Альбер Камю - Миф о Сизифе
Все это опять-таки очевидности. И снова повторю, что сами по себе они не представляют интереса, интересны те следствия, которые можно из них извлечь. Мне известна и еще одна очевидность, она гласит, что человек смертен. Однако можно перечесть по пальцам тех, кто извлек отсюда все следствия, вплоть до самых крайних. В этом эссе следует принимать за постоянную точку отсчета неизменное расхождение между тем, что мы, как нам кажется, знаем, и тем, что мы знаем действительно, согласие на деле и притворное неведение, из-за чего мы продолжаем жить с такими идеями, которые должны были бы перевернуть всю нашу жизнь, если бы мы их по-настоящему прочувствовали. Это неустранимое противоречие духа помогает нам осознать поистине в полной мере, какой разрыв отделяет нас от наших собственных созданий. До тех пор пока разум безмолвствует в неподвижном мире своих надежд, все взаимоперекликается и упорядочивается в столь желанном ему единстве. Но при первом же движении весь этот мир трещит и рушится: познанию предлагает себя бесконечное множество мерцающих осколков. Нужно проститься с надеждой когда-нибудь воссоздать из них воспринимаемую нами как нечто родное гладкую поверхность, которая вернула бы покой нашей душе. После стольких веков упорных поисков, после стольких отречений мыслителей мы знаем, что для познавательной деятельности такое прощание правильно. За исключением рационалистов по роду своих занятий, сегодня все отчаялись в возможностях истинного познания. Если бы понадобилось написать поучительную историю человеческой мысли, она была бы историей следующих друг за другом раскаяний и немощных потуг.

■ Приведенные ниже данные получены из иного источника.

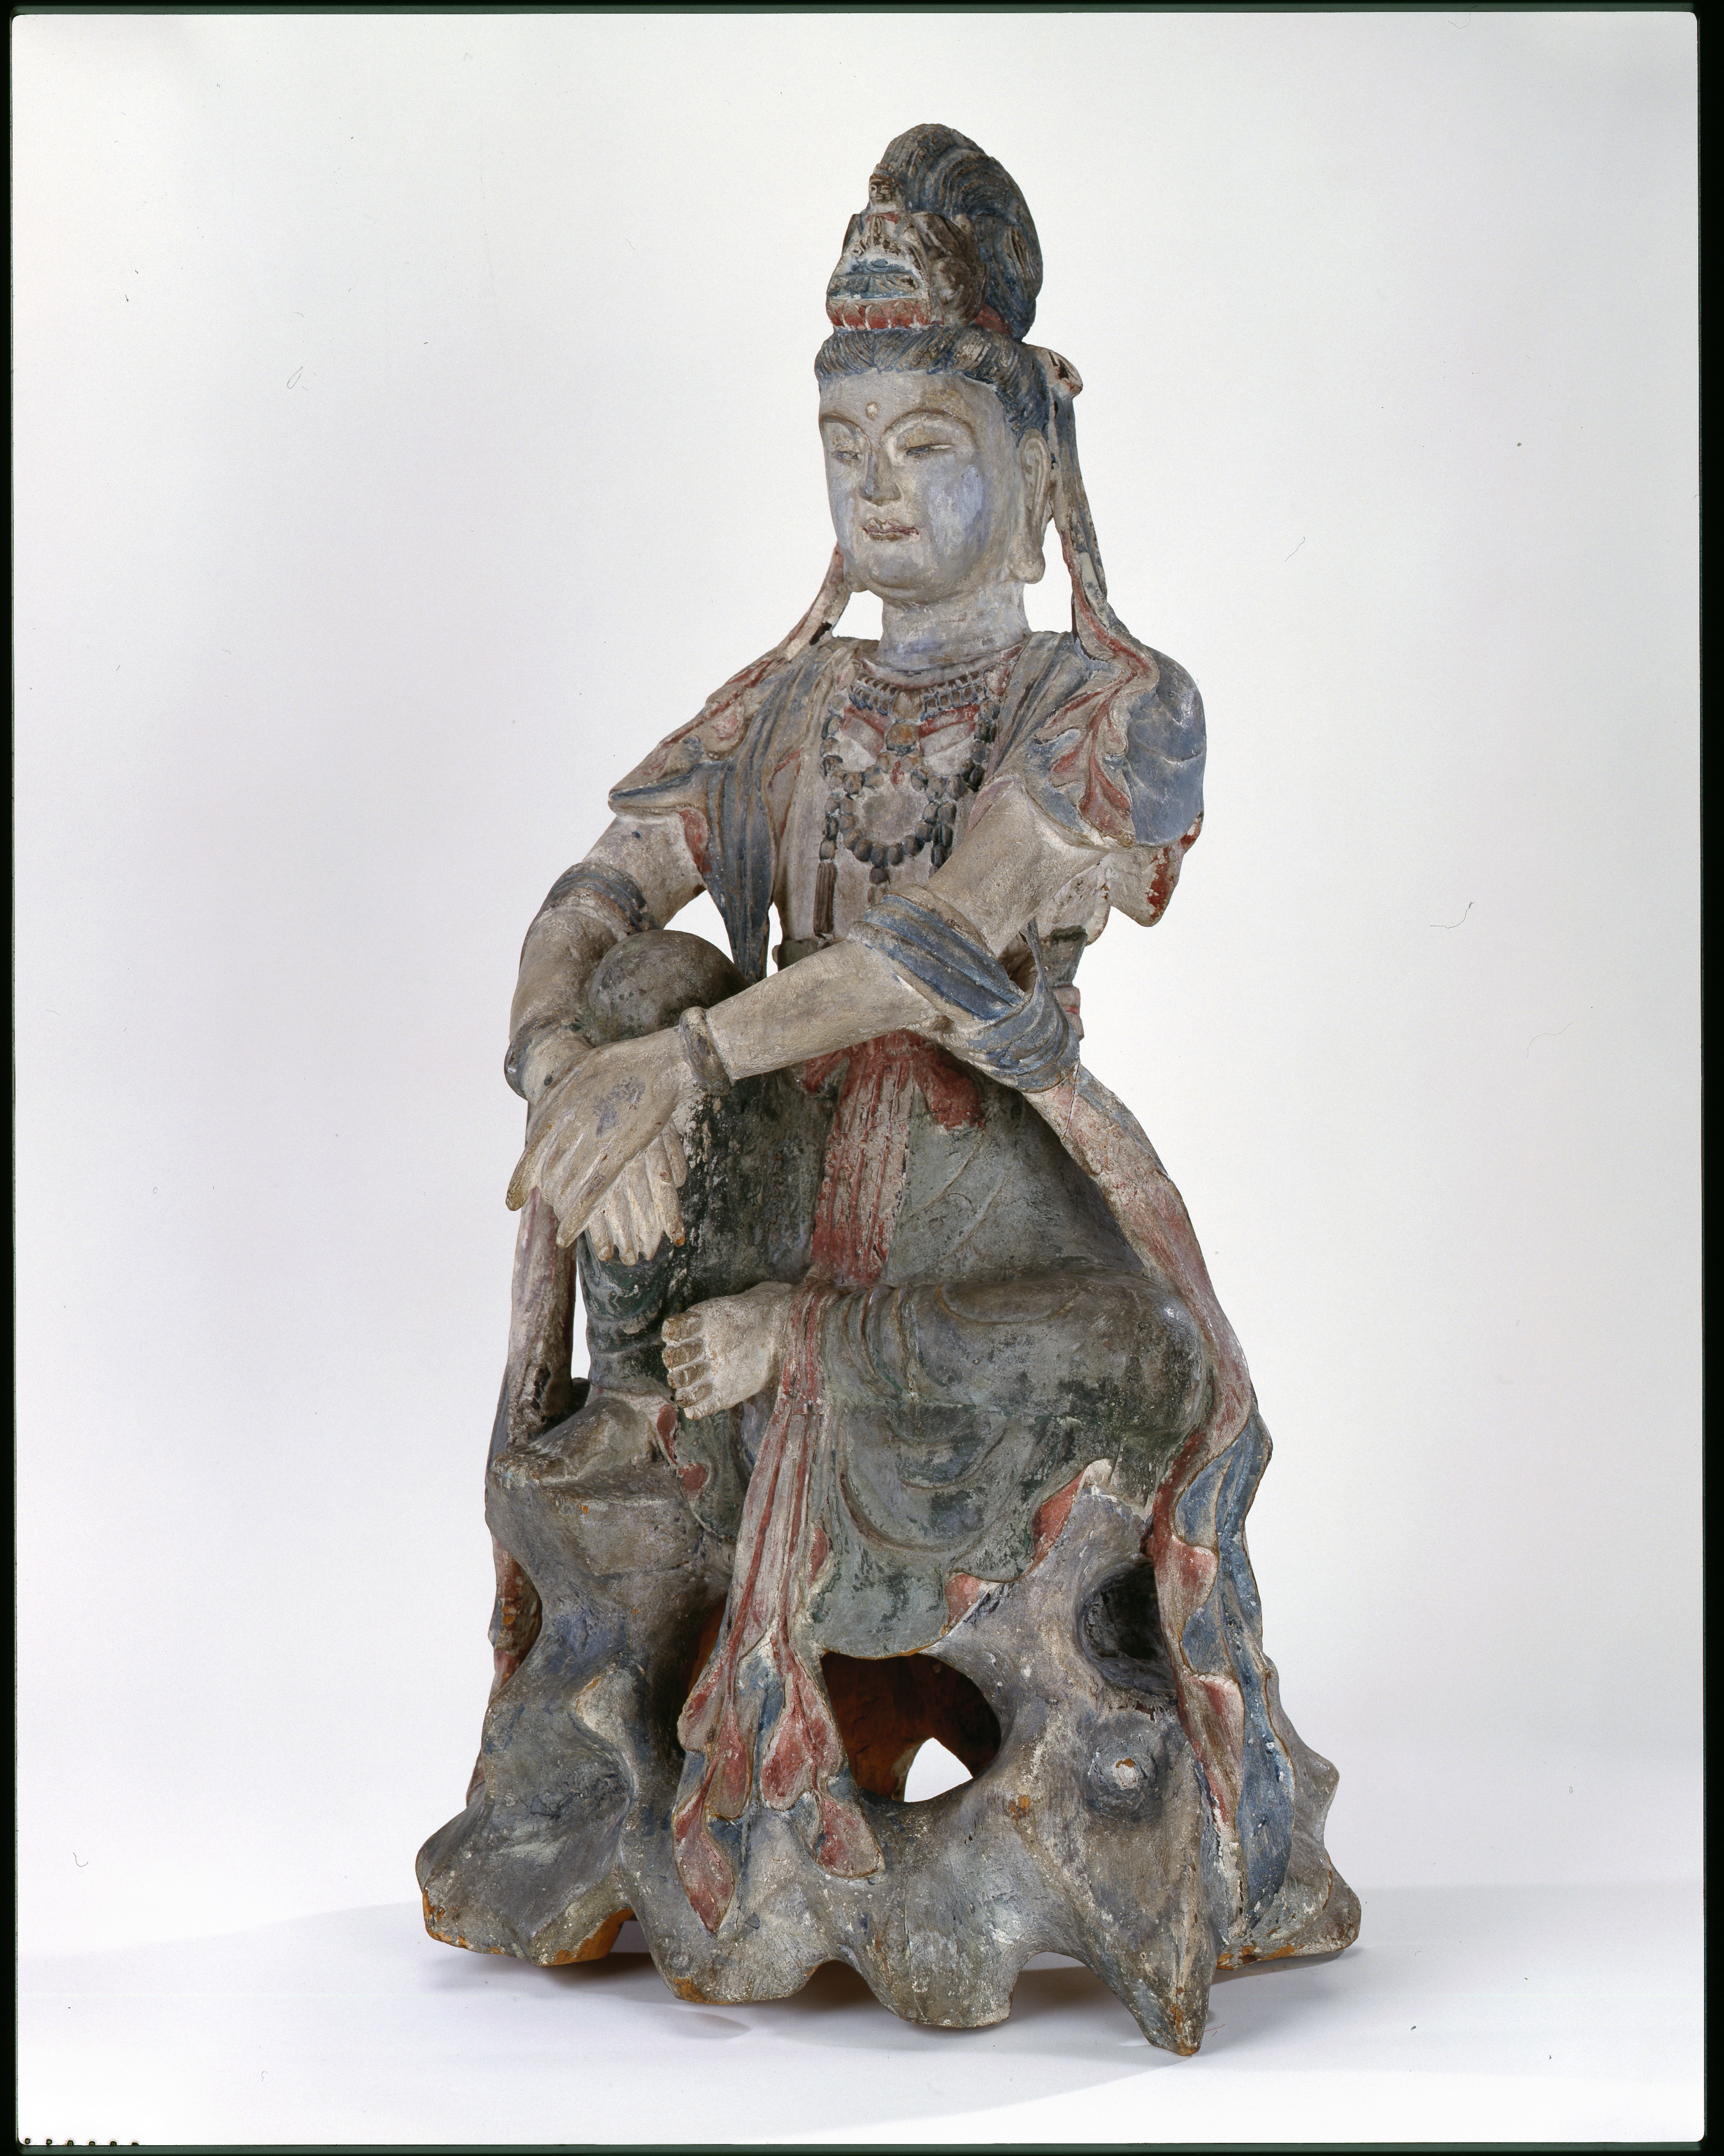 Guanyin, Buddhist deity of Grace. China, Ming period (1368-1644). From the collection of André and Taisia Zhaspar.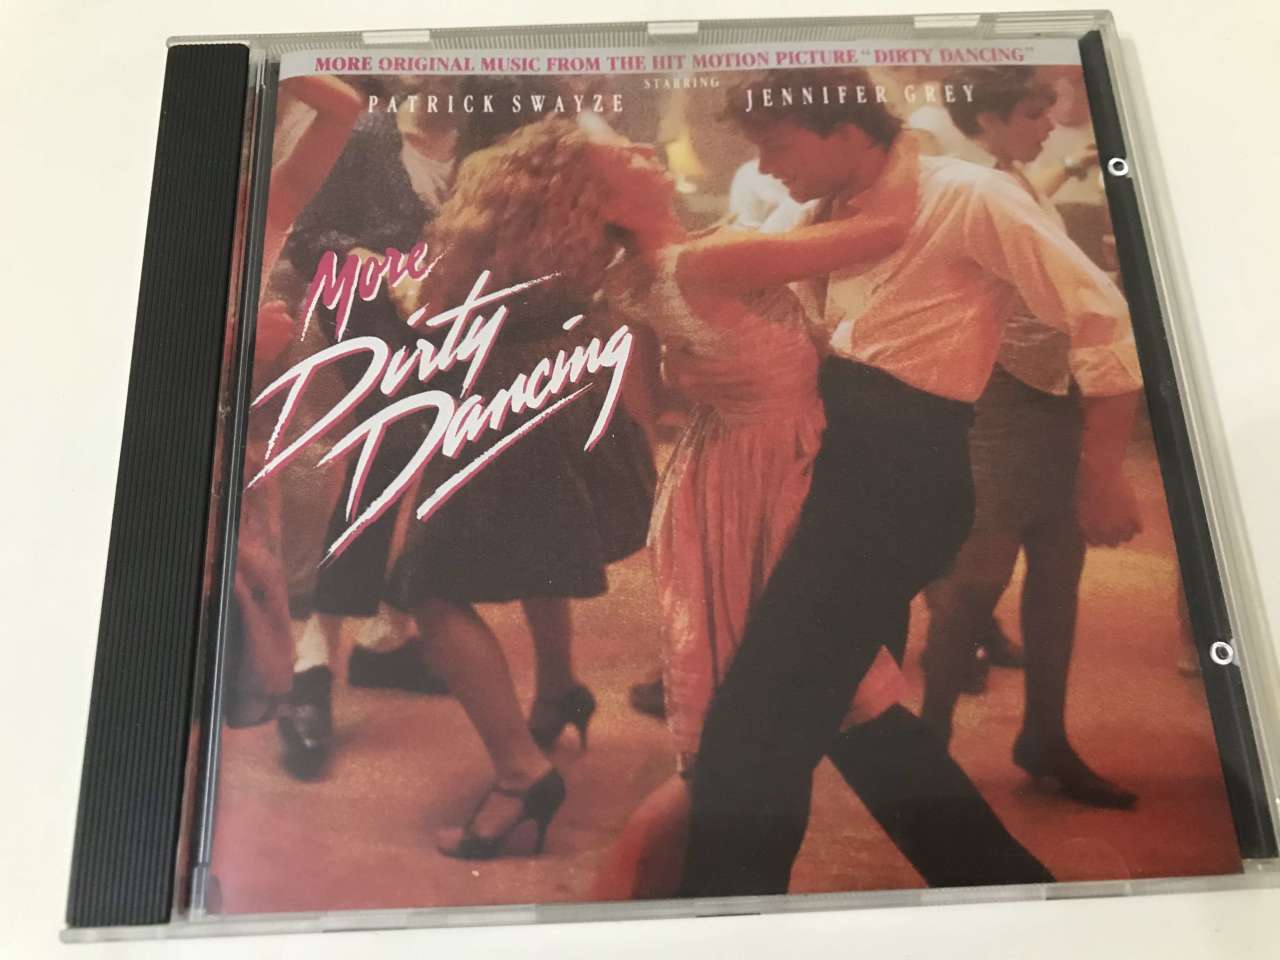 More Dirty Dancing (More Original Music From The Hit Motion Picture ''Dirty Dancing'')

Действительно, о чем или о ком я вправе сказать: «Это я знаю»? Я могу ощутить сердце в моей груди и утверждать, что оно существует. Я могу потрогать вещи окружающего меня мира и утверждать, что он существует. Но на этом моя наука кончается, все остальное — лишь построения ума. Ведь попробуй я уловить и кратко определить то «я», в существовании которого я уверен, как оно уподобится воде, утекающей между пальцев. Я могу обрисовать один за другим все лики, какие оно принимает, равно как и все лики, какими его наделяли, полученное им воспитание, его происхождение, пыл и миги безмолвия, величие и низость. Однако нельзя сложить вместе все эти лики. Да и само принадлежащее мне сердце никогда не поддастся определению. Между моей уверенностью в собственном существовании и тем содержанием, которое я пробую в нее вложить, пролегает ров, и его во веки веков не заполнить. Я всегда пребуду чуждым самому себе. В психологии, как и в логике, существуют истины, но нет Истины. «Познай самого себя» Сократа имеет такую же ценность, как и «Будь добродетелен» в устах наших исповедников. В нем различимы одновременно и тоска по знанию, и незнание. Все это бесплодные игры по значительным поводам. Игры, оправданные в той самой мере, в какой они приблизительны.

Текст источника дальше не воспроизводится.